[23] Mr. Hand Clerk of the papers to the late Lord Chancellor, who could never be prevailed on to receive papers, where he could avoid it with any sort of decency. Adverting to the immense accumulation of papers he used to say that the Chancellor could scarcely enter his own house without being in danger of breaking his shins over a bundle of briefs at the door.

[24] This being only an interlocutory proceeding, the supposition may perhaps be entertained.

[25] William Agar and his mansion in the country, near St. Pancrass workhouse, are well known. So inviolable does he maintain his territorial rights, that a poor wretch caught angling in his fish-pond the other day, was, as I hear, transported for that heinous offence. Frowd, of the firm of Frowd and Rose, Carey Street, and Philip Hurd, of the house of Hurd and Johnson, Temple, are notorious as the chief providers of this calf-like lion.
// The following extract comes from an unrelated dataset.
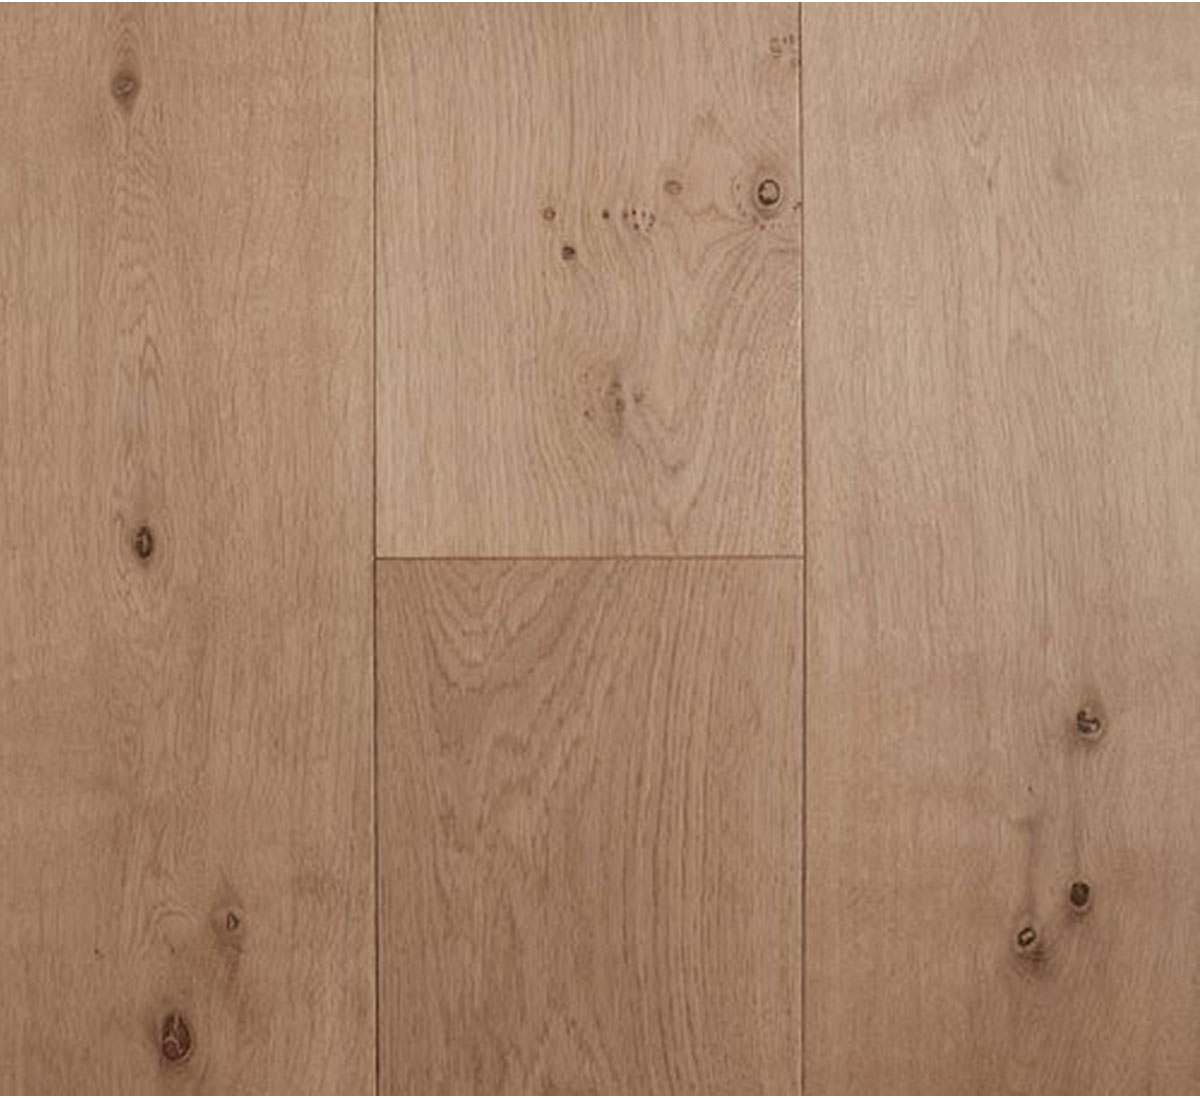 Prestige Oak - Tan - 15mm Engineered Timber Flooring - Stone3 Brisbane
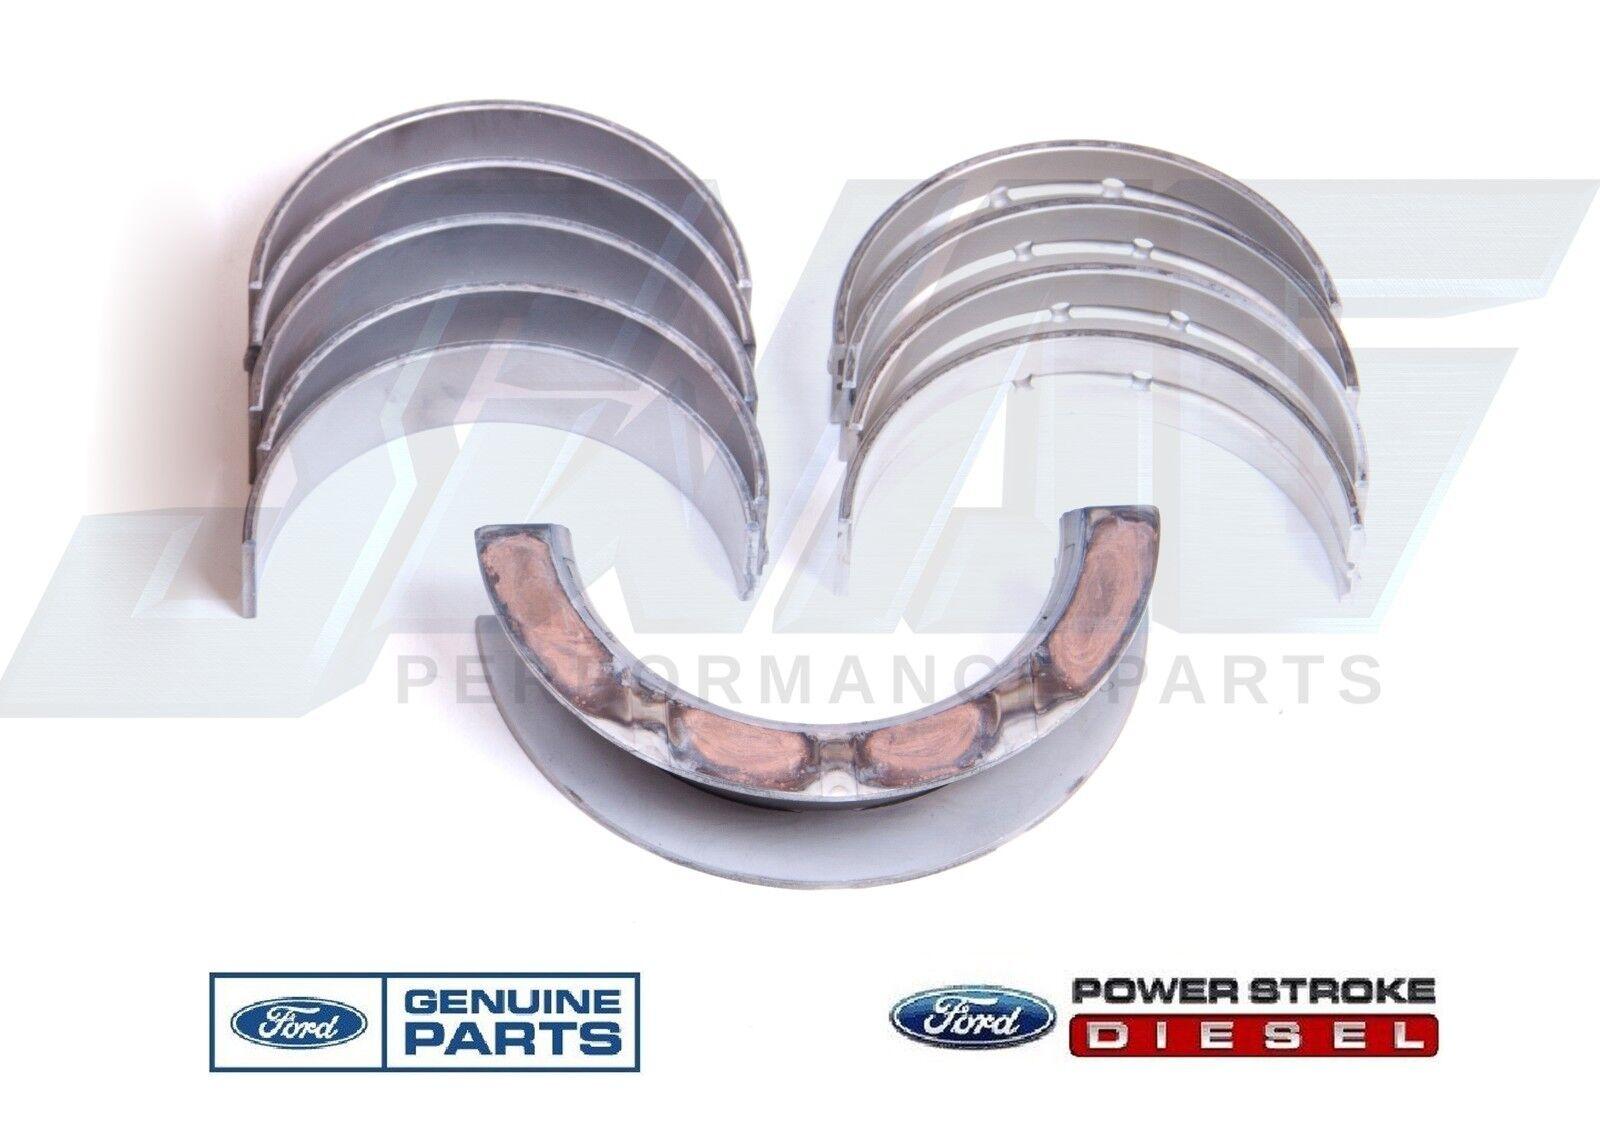 Clevite Rod Bearing Set 8 STD bearings 2008-2010 Ford 6.4 6.4L Powerstroke

[26] George Spence. This gentleman, who lately contrived to get himself returned member of parliament for a few weeks, had the vain effrontery to inform the House of Commons that his sole object in getting there, was to instruct them in legislation on equitable juris-prudence.

[27] Witnesses in Chancery are examined upon written interrogations prepared and signed by counsel: a most wretched and ineffectual system of extracting truth. The execution of the commission is entrusted to friends of the solicitors in the cause, and the witnesses are all previously well tutored as to what it is expected of them to swear. The proceedings are always conducted at an inn, where the solicitors, commissioners and witnesses, drown all their animosities in the sociability of the table. Every day is provided at the expense of the litigant parties a dinner, at which the viands and wines are the very best and most expensive that the house can afford. Liberal potations of course produce head-aches, for which there is nothing so wholesome as air and exercise. Business is thus frequently neglected for the sports of the field. Can any censure be too severe for such iniquity?

[28] The depositions of witnesses are liable to be suppressed on many trifling grounds, which is another serious grievance arising out of the mode of taking evidence in the Court of Chancery. I was some time ago informed that the omission of the letter “s” at the end of the word “evangelists” in a jurat, actually caused an expense to the plaintiff of about 80l.

[29] The death of a party, who has an interest in any cause, often produces infinite delay. I have known a suit remain inactive for many years in consequence of there being no person who would take out administration to the deceased.

[30] The change or death of a solicitor in the cause is also frequently the means of prolonging a suit. There are many instances in which the taxation of a suitor’s bill has been pending for several years. Our friend James Lowe is here introduced on the grand arena of his fame. He carries taxation to an extremity of meanness and hostility that is perfectly disgusting!

[31] Solicitors are allowed 4d. a folio of ninety words for abbreviating pleadings, and 3s. 4d. a brief sheet for copying the abbreviations. They are also allowed 10s. a sheet for drawing and copying observations, which I will venture to say no counsel ever reads. The word “brief” is truly the “lucus a non lucendo.”

[32] Sir Samuel Romilly, who, with all his virtues, was as much attached to fees as any man. Hundreds of briefs did he take when he must have known that it was impossible for him to attend to them. A man cannot divide himself, nor be at the same moment in the House of Lords, and the Court of Chancery.